PEOPL: Characterizing Privately Encoded Open Datasets with Public Labels (PEOPL: Characterizing Privately Encoded Open Datasets with Public Labels)

Homa Esfahanizadeh,Adam Yala,Rafael G. L. D'Oliveira,Andrea J. D. Jaba,Victor Quach,Ken R. Duffy,Tommi S. Jaakkola,Vinod Vaikuntanathan,Manya Ghobadi,Regina Barzilay,Muriel Médard

from arxiv, Submitted to IEEE Transactions on Information Forensics and Security

Allowing organizations to share their data for training of machine learning (ML) models without unintended information leakage is an open problem in practice. A promising technique for this still-open problem is to train models on the encoded data. Our approach, called Privately Encoded Open Datasets with Public Labels (PEOPL), uses a certain class of randomly constructed transforms to encode sensitive data. Organizations publish their randomly encoded data and associated raw labels for ML training, where training is done without knowledge of the encoding realization. We investigate several important aspects of this problem: We introduce information-theoretic scores for privacy and utility, which quantify the average performance of an unfaithful user (e.g., adversary) and a faithful user (e.g., model developer) that have access to the published encoded data. We then theoretically characterize primitives in building families of encoding schemes that motivate the use of random deep neural networks. Empirically, we compare the performance of our randomized encoding scheme and a linear scheme to a suite of computational attacks, and we also show that our scheme achieves competitive prediction accuracy to raw-sample baselines. Moreover, we demonstrate that multiple institutions, using independent random encoders, can collaborate to train improved ML models.

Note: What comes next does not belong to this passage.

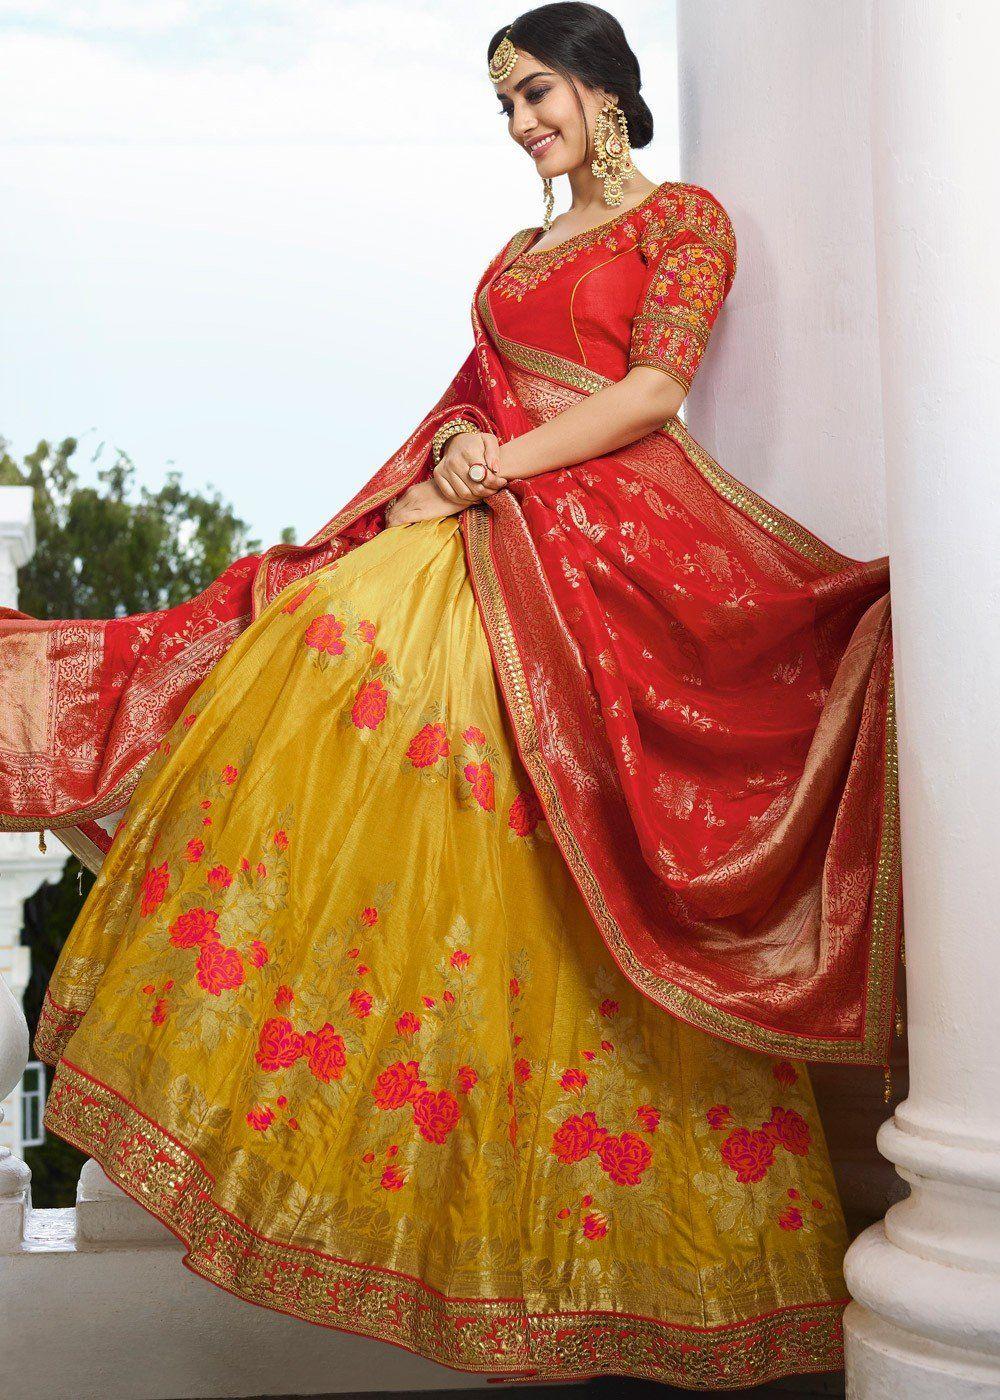 1c4a2307a4 Bride and Baraat Lehenga Choli Collection by Haya Creations ...

翻译：PEOPL：用公共标签表征私密编码开放数据集。让组织能够共享数据，以用于机器学习（ML）模型的训练，而不会意外泄露信息仍是一个实际中有待解决的难题。这个问题的一个有前途的技术是在编码数据上进行训练。我们的方法称为具有公共标签的私密编码开放数据集（PEOPL），使用特定类别的随机生成的变换对敏感数据进行编码。组织发布其随机编码的数据和相关的原始标签，用于 ML 训练，在没有编码实现知识的情况下进行训练。我们调查了这个问题的几个重要方面：我们引入了隐私和效用的信息论分数，用以量化具有发布编码数据访问权限的不忠实用户 (例如，对手) 和忠实用户 (例如，模型开发者) 的平均性能。然后我们从理论上表征构建编码方案族的原语，这些原语鼓励使用随机深度神经网络。从经验角度出发，我们将我们的随机编码方案和一个线性方案与一系列计算攻击进行比较，并且我们还展示我们的方案与原始样本基线具有可比的预测准确性。此外，我们证明了多个机构使用独立的随机编码器可以合作训练出更好的 ML 模型。